7) Don't treat labelling tools as grubby little hacked together apps. Resource them properly, make sure you watch and listen to the humans building and using them.
8) Have objective ways of comparing models that are thematically similar but may differ in their exact goal variables. If you can't directly compare log loss or whatever like-for-like, find some more external criteria.
9) Much of your job is building trust in your models with stakeholders. Don't be afraid to build simple stuff that captures established intuitions before going deep - show people the machine gets the basics first.
10) If you're struggling to replicate a result from a paper, either with or without the original code, welcome to academia.
Probably not earth shattering stuff, I grant you.
Good practices from software engineering are just as applicable to Data Science.
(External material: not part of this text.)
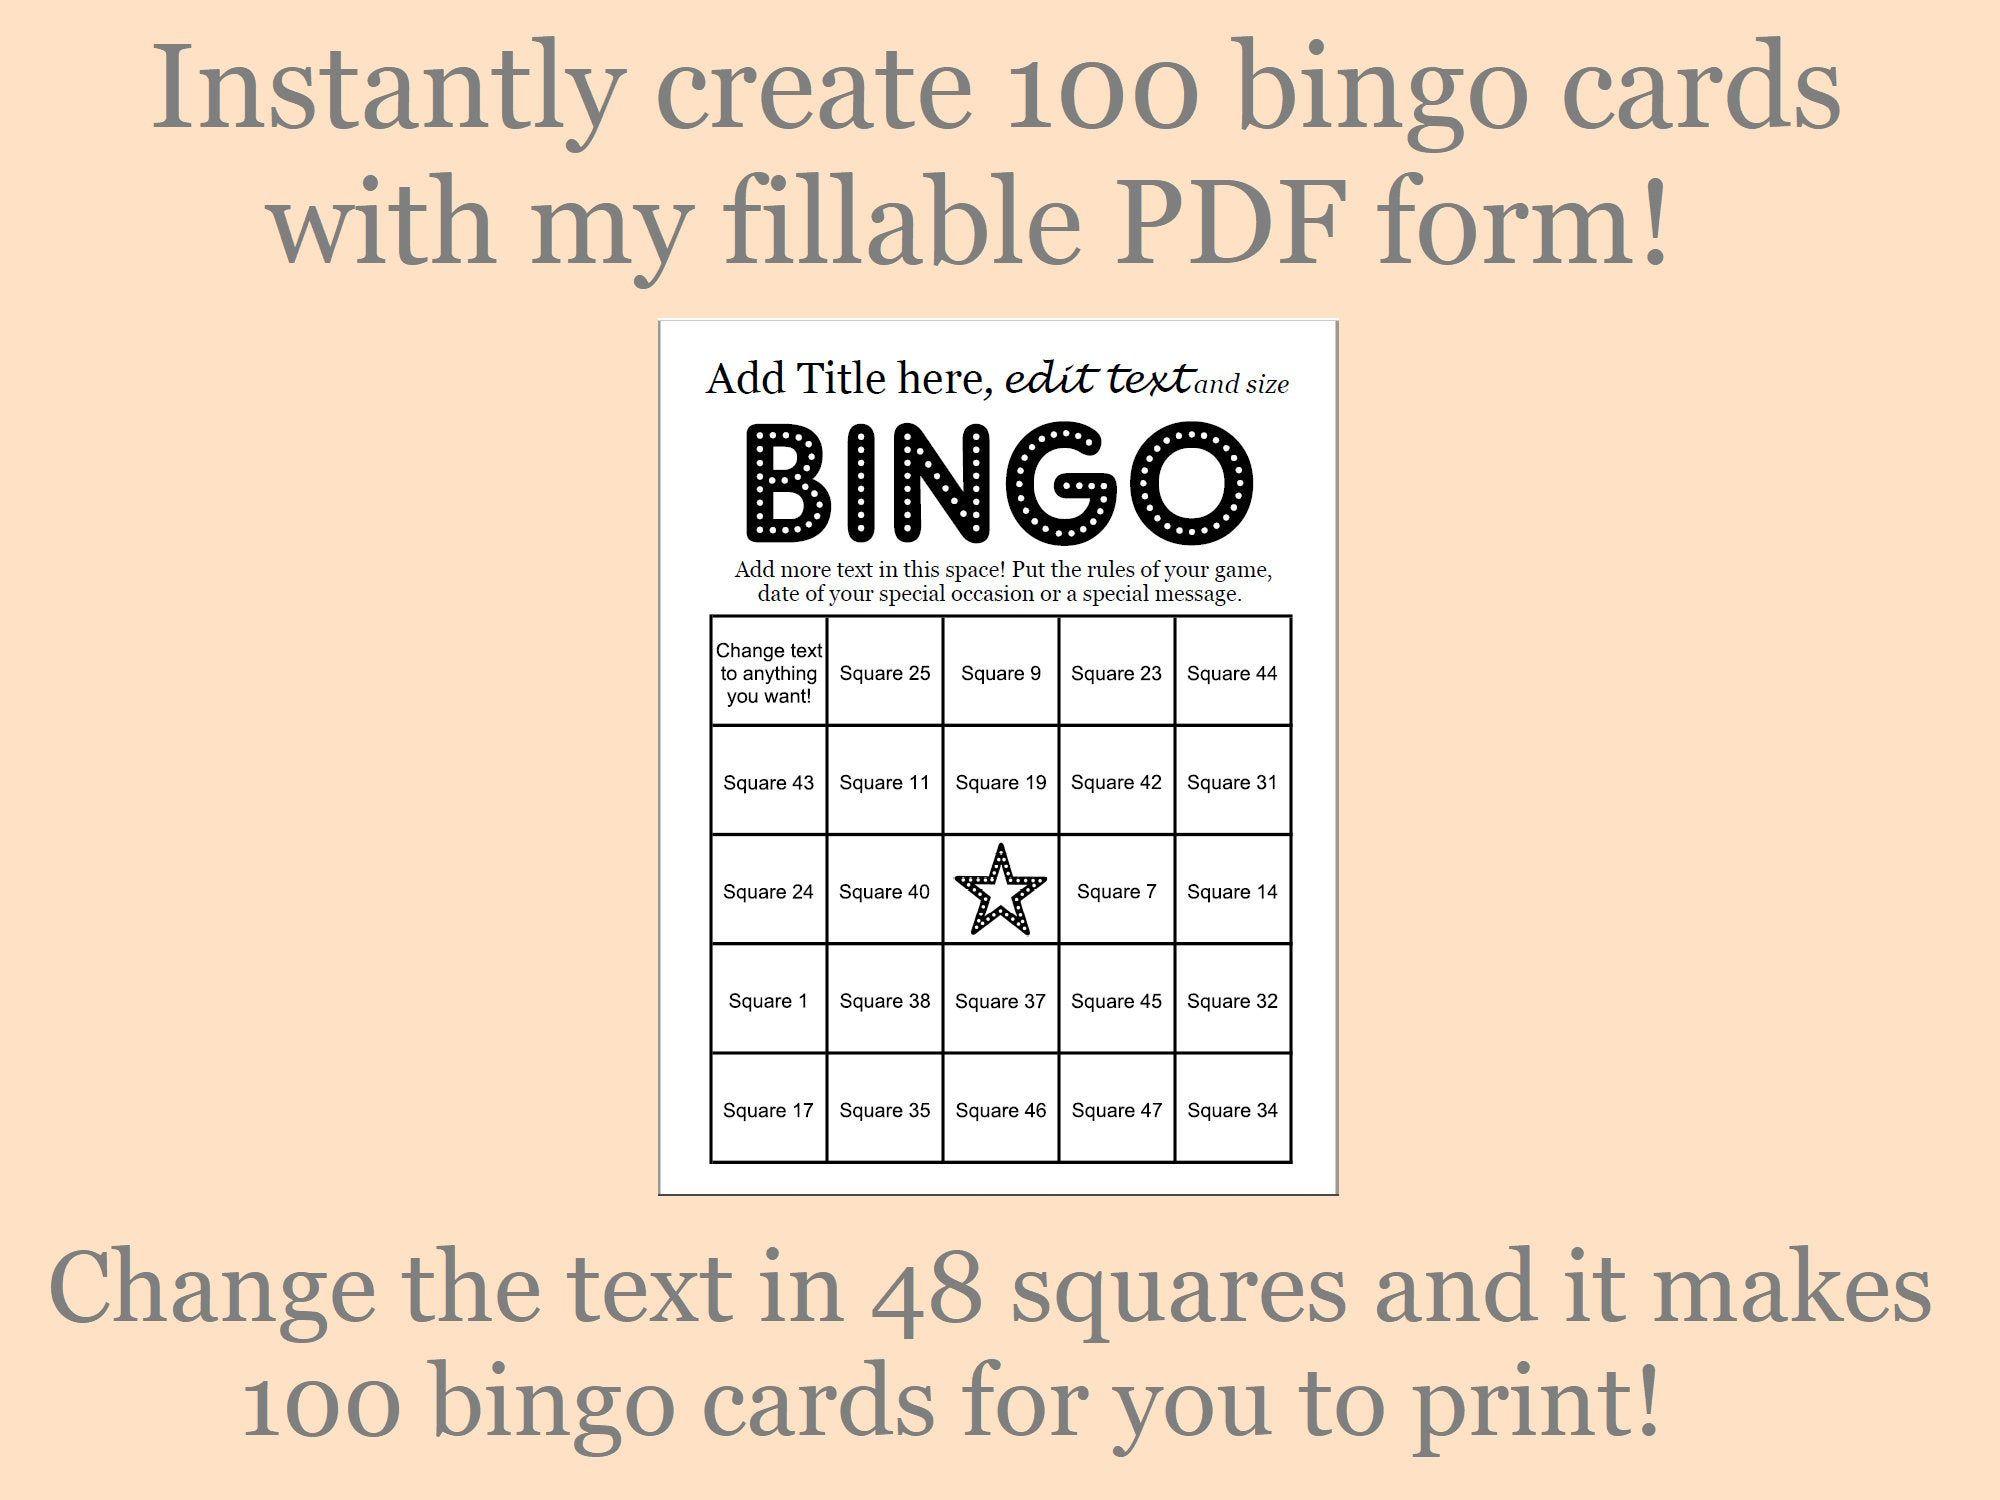 Bingo Card Maker Makes 100 Custom Bingo Cards 48 Call Items

In particular:
Notebooks are great for performing an EDA, and testing out new concepts. They're not great for running production code. Put your non-once off code in regular source code files and source control it.
Break your code into separately testable and composable functions. Write unit tests to verify behavior where you can. Speaking from experience you all most certainly will find bugs.
Implement a peer review process for the methodology used and the code. Approaches should be explainable and justifiable. Bugs and poor assumptions can lead to incorrect results.
Focus on making your model training process end-to-end reproducible. Document the training data used. Document the configuration used. Link back to the commit hash of the exact code used. Make sure your environment is reproducible.
It may not be earth-shattering, but that's probably a good thing.
I especially like numbers 1 and 10. If I was looking for a job I'd like to work with you.
but I did read most of it. I thought it was a fairly honest and good blog
I did like the diagram of the different company styles
I'll will read it 100% when I have enough time
That's quite an old internet cartoon.
<<I've put a large chunk of my money in leveraged index funds and etfs>>
This is dangerous advice if you go all in on this.
You do not want to invest in ETFs that are themselves leveraged & rebalance daily however, that’s going to eat all your money if you hold them for any length of time - those products are designed to be held for short periods only.
Now, the risk (potential one-year downside) is not for everyone.